§ **Data for review**:

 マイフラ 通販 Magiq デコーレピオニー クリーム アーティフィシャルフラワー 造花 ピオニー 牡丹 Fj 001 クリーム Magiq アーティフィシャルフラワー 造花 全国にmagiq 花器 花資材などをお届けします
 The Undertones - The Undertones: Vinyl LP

...

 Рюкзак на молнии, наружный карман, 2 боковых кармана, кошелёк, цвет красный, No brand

§ **What to work on**:
Your task is to retype the entries verbatim, starting with the line that holds "マイフラ 通販 Magiq" and stopping after the line that holds "The Undertones - The Undertones: Vinyl LP".

§ **Response area**:
 マイフラ 通販 Magiq デコーレピオニー クリーム アーティフィシャルフラワー 造花 ピオニー 牡丹 Fj 001 クリーム Magiq アーティフィシャルフラワー 造花 全国にmagiq 花器 花資材などをお届けします
 The Undertones - The Undertones: Vinyl LP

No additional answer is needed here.